Optimal orbital configurations of spaceborne optical sensors constellations for space surveillance

With the increasing number of satellites, there is a progressively higher demand for accurate surveillance and collision risk analysis systems. Most of the space situational awareness domain depends today on ground-based telescopes and radar sensors, which have the disadvantage of being highly constrained in terms of their potential geographic positions. A more versatile approach may instead be the use of a constellation of spacecraft carrying space-based sensors that can cover any desired orbital region allowing for complete coverage of the orbiting population, enabling a more accurate orbit estimation and consequent collision risk analysis. This work investigates the optimal orbital configurations of a LEO constellation of satellites carrying optical sensors when these are used for the orbit estimation and the conjunction assessment of resident space objects.
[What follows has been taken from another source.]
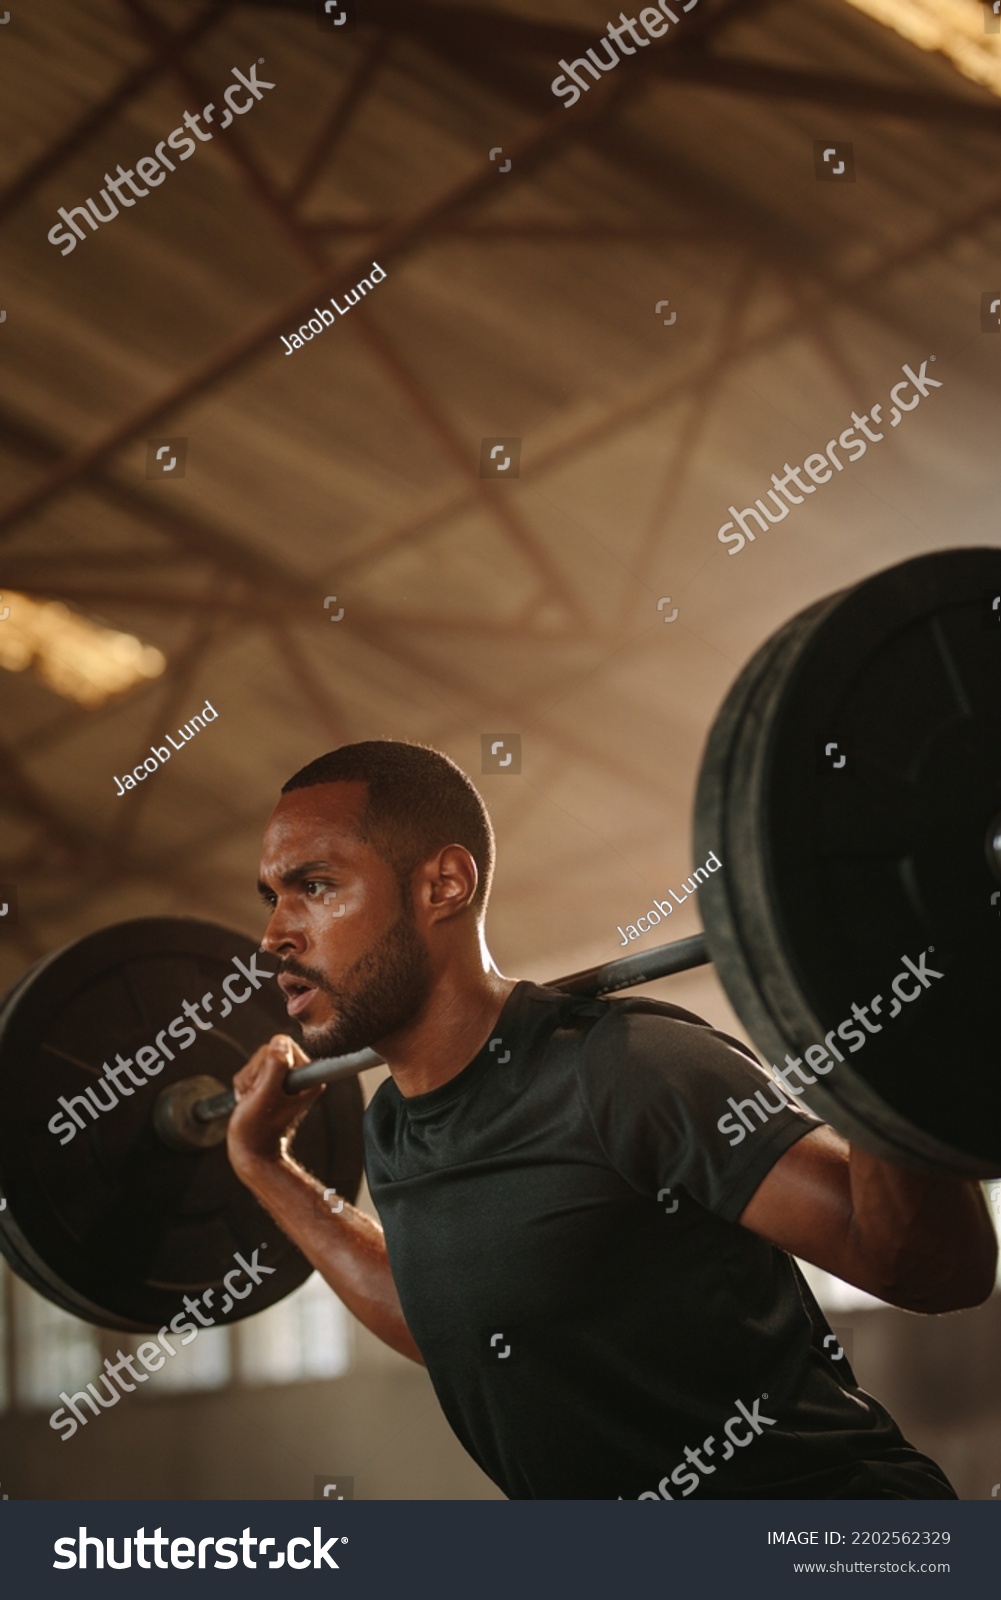 Fitness man doing back squats workout with heavy weight barbell. Sportsman doing exercise with heavy weights at old warehouse. #2202562329

Collision risk assessment is performed through covariance analysis using unscented transform techniques and unscented Kalman filtering and assessed using Monte Carlo analysis. The optimal configuration of the constellation is found using nonlinear optimization techniques, maximizing the performance in terms of estimation accuracy, number of detected conjunction events, and probability of collision over short and long-term periods. Different requirements and drivers will be considered and traded off in the analysis, including specific orbital regions to be covered by the system, different capabilities of the optical instruments, and lead time on the detection and transfer of the eventual warnings to ground stations. The outcome of the study will be the set of optimal orbital configurations of the constellation for an increasing number of constellation satellites and the given population of LEO target satellites. The results thus obtained will inform on how to optimally deploy constellations of satellites carrying optical sensors for surveillance and collision assessment of uncooperative spacecraft and on the effect that the number of constellation satellites has on performance.